This whole idea about the benefits of “objective” media came in two waves, and the goals were NOT noble. In the early part of the 20th century, Joseph Pulitzer – yes, THAT Pulitzer – started “cleaning up” journalism by twisting the arms of fellow publishers and starting journalism schools.
He could afford to do so. But Pulitzer was in a position to do so because he hadn’t been an angel himself. To his credit, he recognized that the newspapers were alarming their customers, and that they had to stop doing so.
The customers he was worried about, by the way, weren’t the readers. The alarmed customers were the advertisers.
A similar watershed occurred in the late 1950s, when William S. Paley (CBS) recognized a similar problem was occurring because the much revered Edward R. Murrow was interjecting to much political opinion into his show.
Murrow is, these days, credited for taking down Joseph McCarthy; in fact, Murrow was late to the ball and McCarthy was already buzzard meat by the time Murrow piled on.
But media’s first loyalty is to media. As Jack often notes, “print the legend.”
The real problem is that at least four generations of Americans have been conditioned to believe that media can, and should be, objective.
It never was.
Bottom line: media can’t be: it’s created by humans, humans have biases, and these biases are likely to be amplified by hiring and promotion decisions by those in charge of any given outlet.
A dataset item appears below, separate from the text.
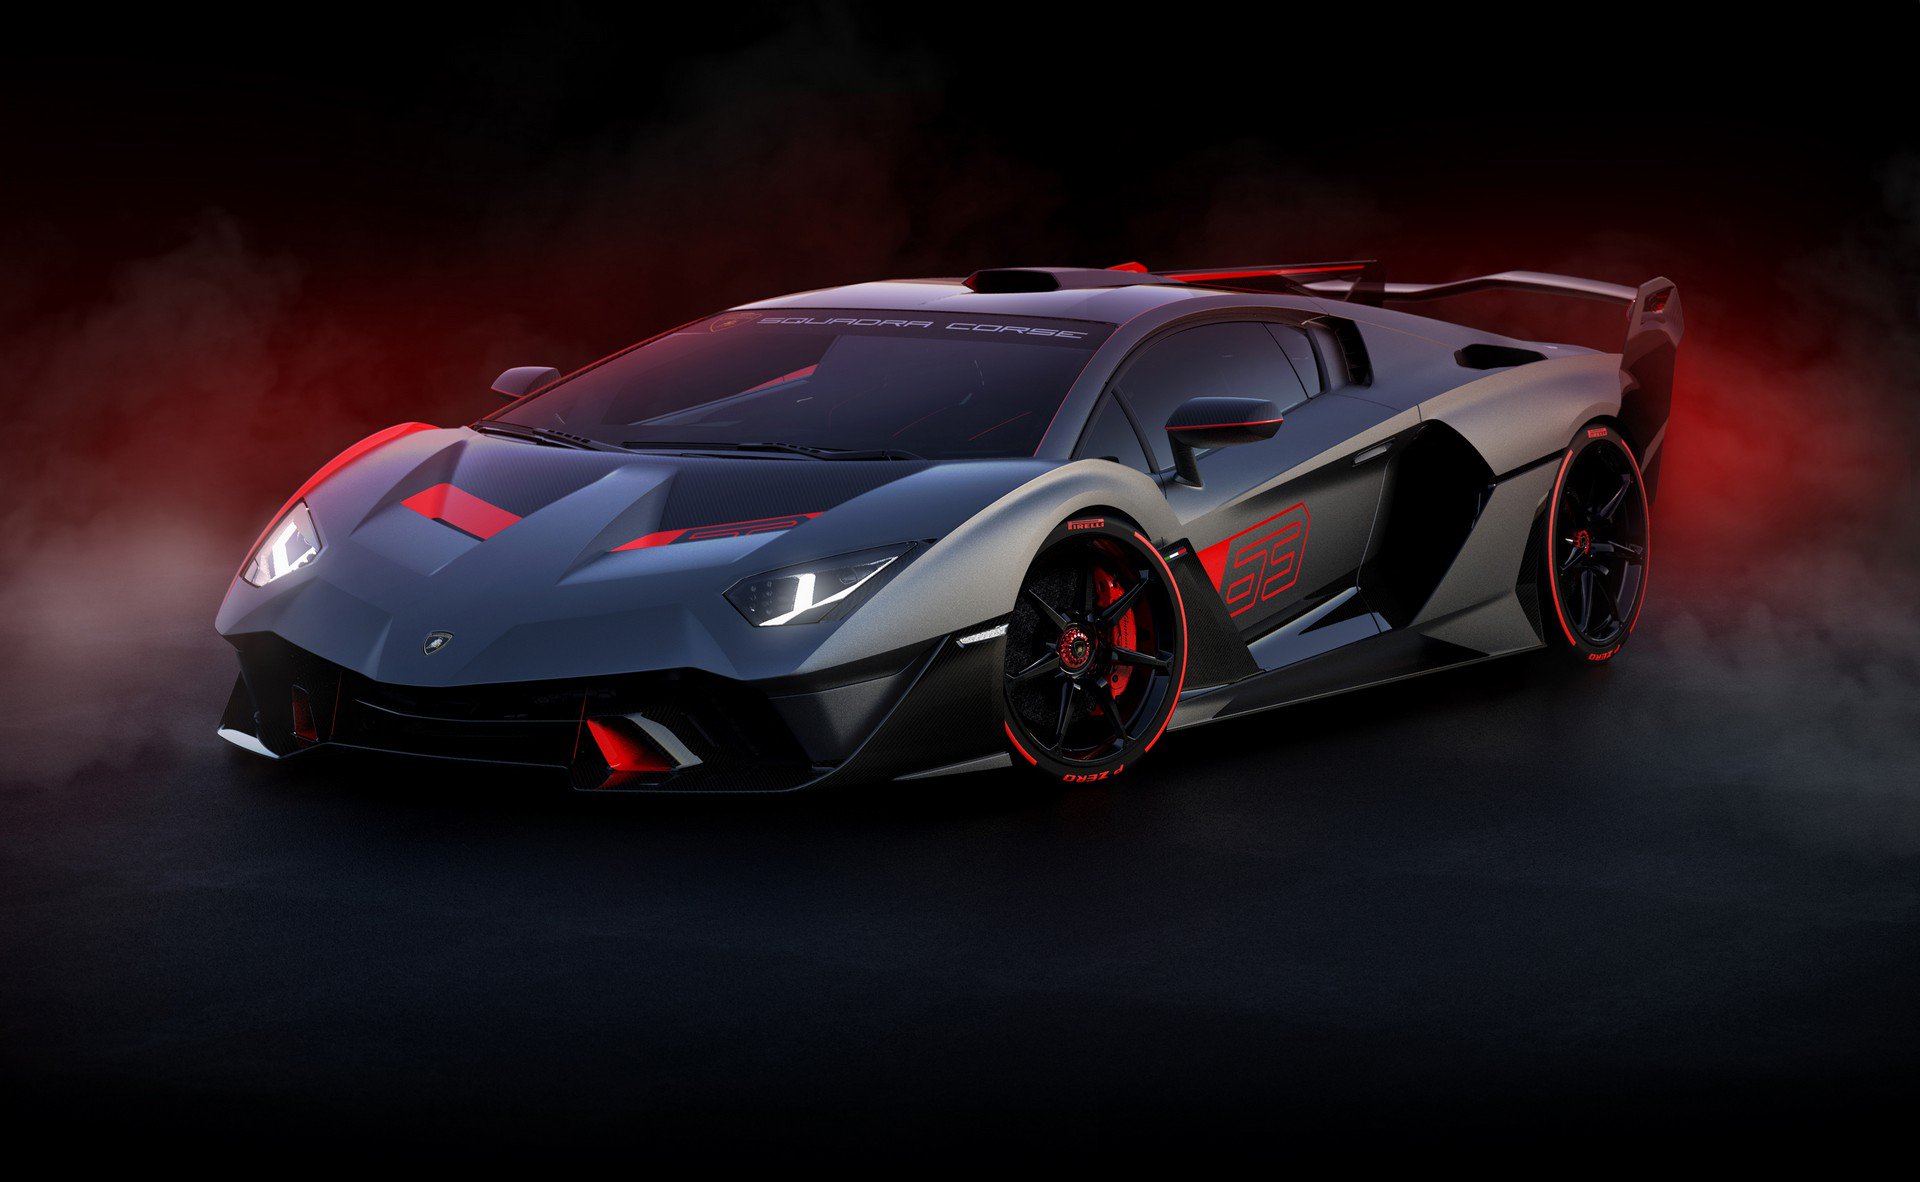 Hãng xe sang Lamborghini tạm biệt các triển lãm ô tô vì không kham nổi chi phí

Couple this with the fact that most media outlets – old model – are based in cities, which tend to skew heavily liberal.
The Web changes all of this; the geography-centric model that worked 30 years ago, let alone 100, is irrelevant thanks to the Web. We are returning to the model that existed a century ago, in which a wide variety of views – some thoughtful, some crazy, some irresponsible, some evil – have equal potential reach.
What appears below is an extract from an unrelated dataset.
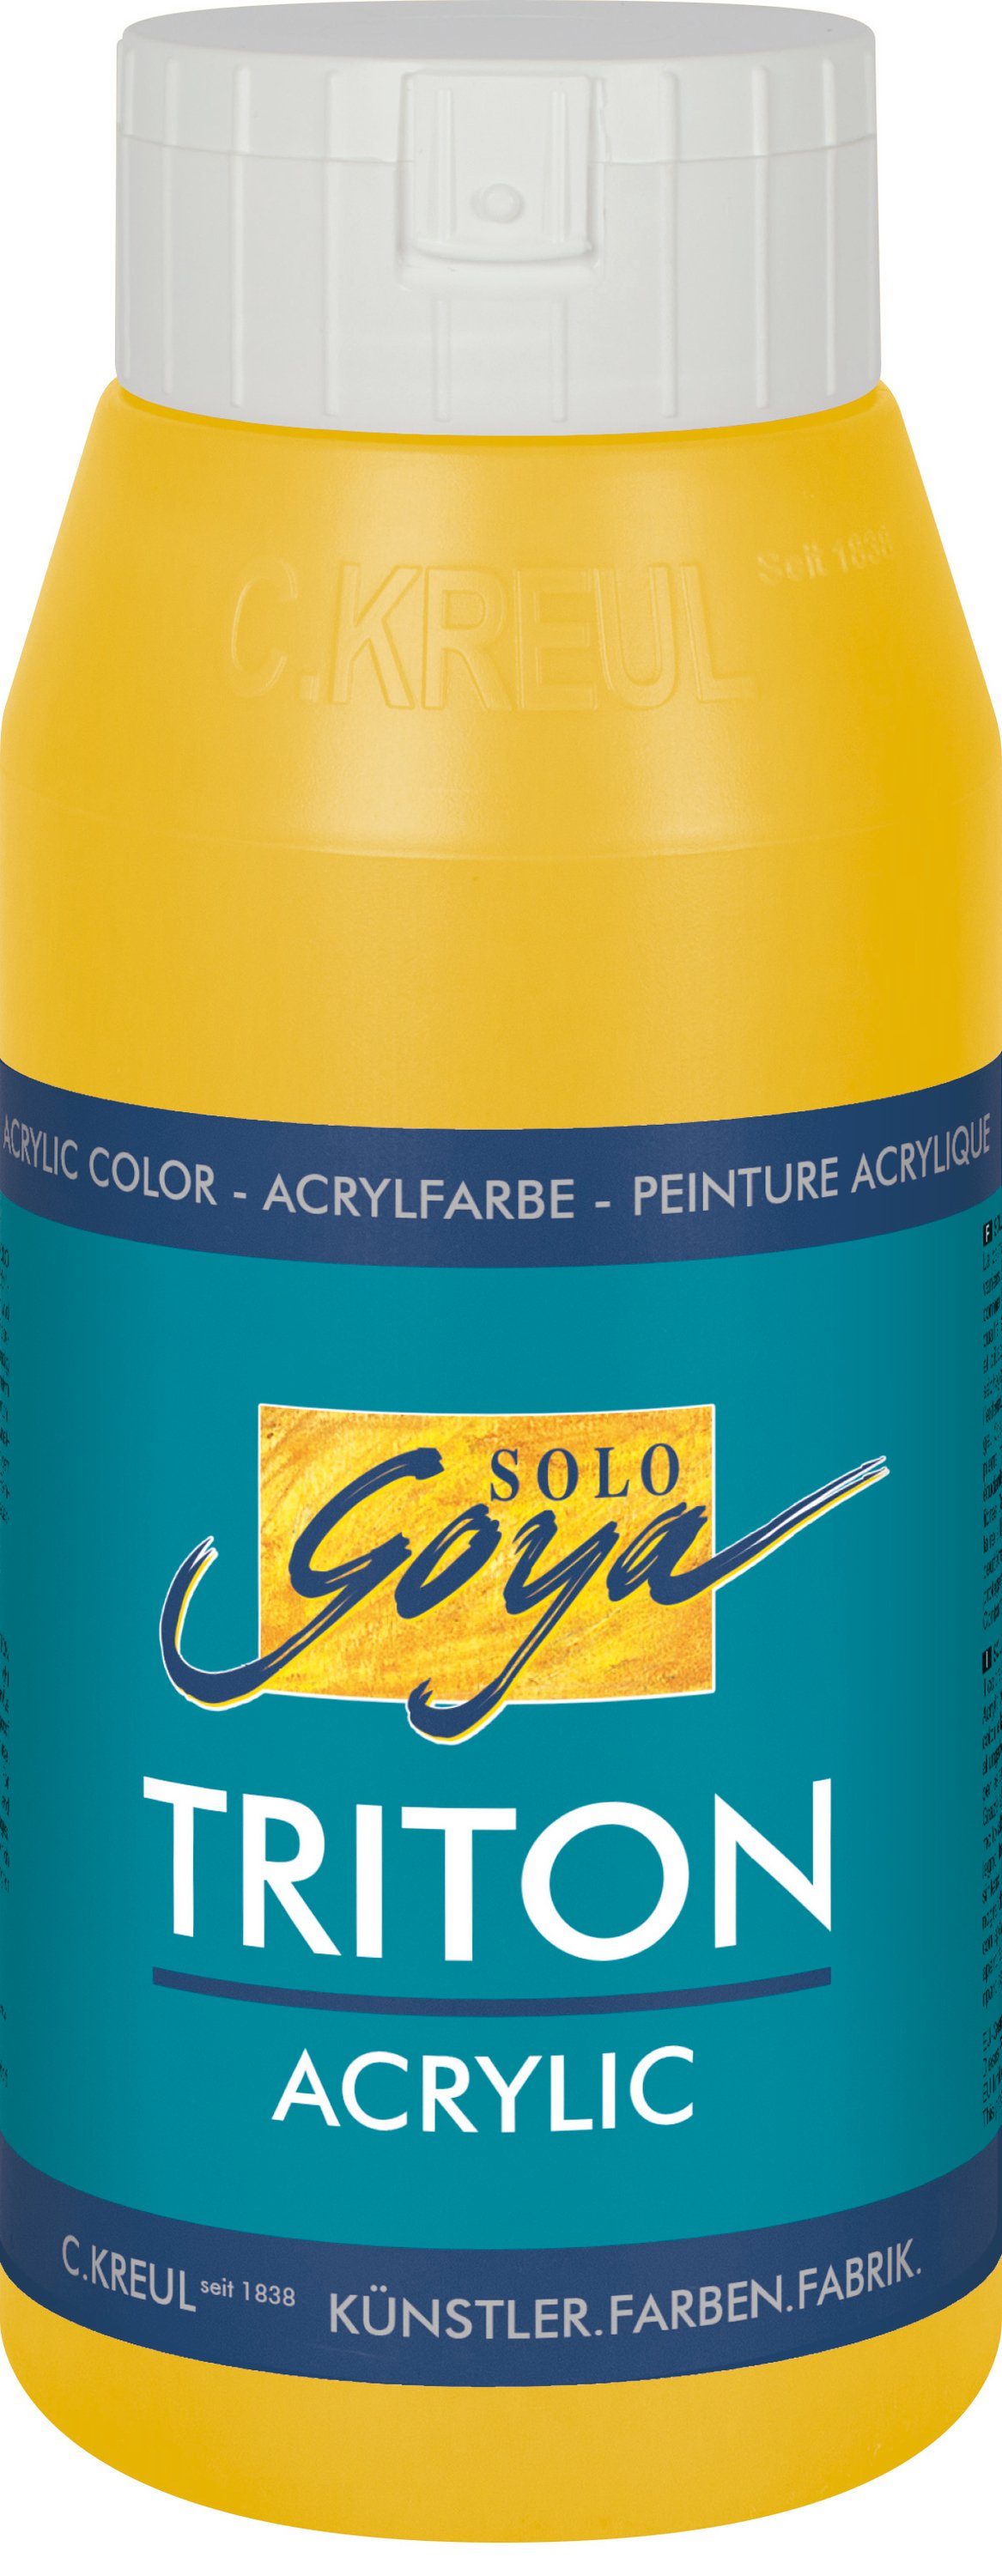 Gold ml Goya Kreul 750 Triton Solo Acrylfarbe Acrylic,

Back then, it was incumbent upon consumers of news to read up on different takes on the same story, and make up their own minds. Most didn’t, and branded themselves if they chose to ignore other takes on the same story. But the key point is that the option was THERE.
Same thing today. A responsible news consumer looks around and takes in different views. God knows, it’s actually easier today than ever.
Anyone who relies on once source – or one alignment – of news to inform their opinion on a given story is a fucking idiot.
And there are a lot of fucking idiots out there, if my Facebook feed is any indication.
Thanks for that objective analysis on the media, Arthur.
Thanks Arthur. I guess ‘Citizen Kane’ isn’t musty ancient history. I guess I was fooled by the earnestness of CBS and NBC when I was a kid in the ‘sixties. As you document, there’s no reason to expect much from the media in terms of objectivity. I guess I just wish they’d stop acting like such saints.
AIM: I have big problems with this. Human beings can be ethical. Human beings can make choices. Human beings cab overcome greed and bias, And one of the definitions of a professional is that the individual has made a choice to act in the public good, not for personal gain or objectives.
Lawyers are much, much more trustworthy than they once were, in part because the profession has ethics rules and take them seriously. The profession is policed. The rules are taught throughout a lawyer’s career. There is a complaint system.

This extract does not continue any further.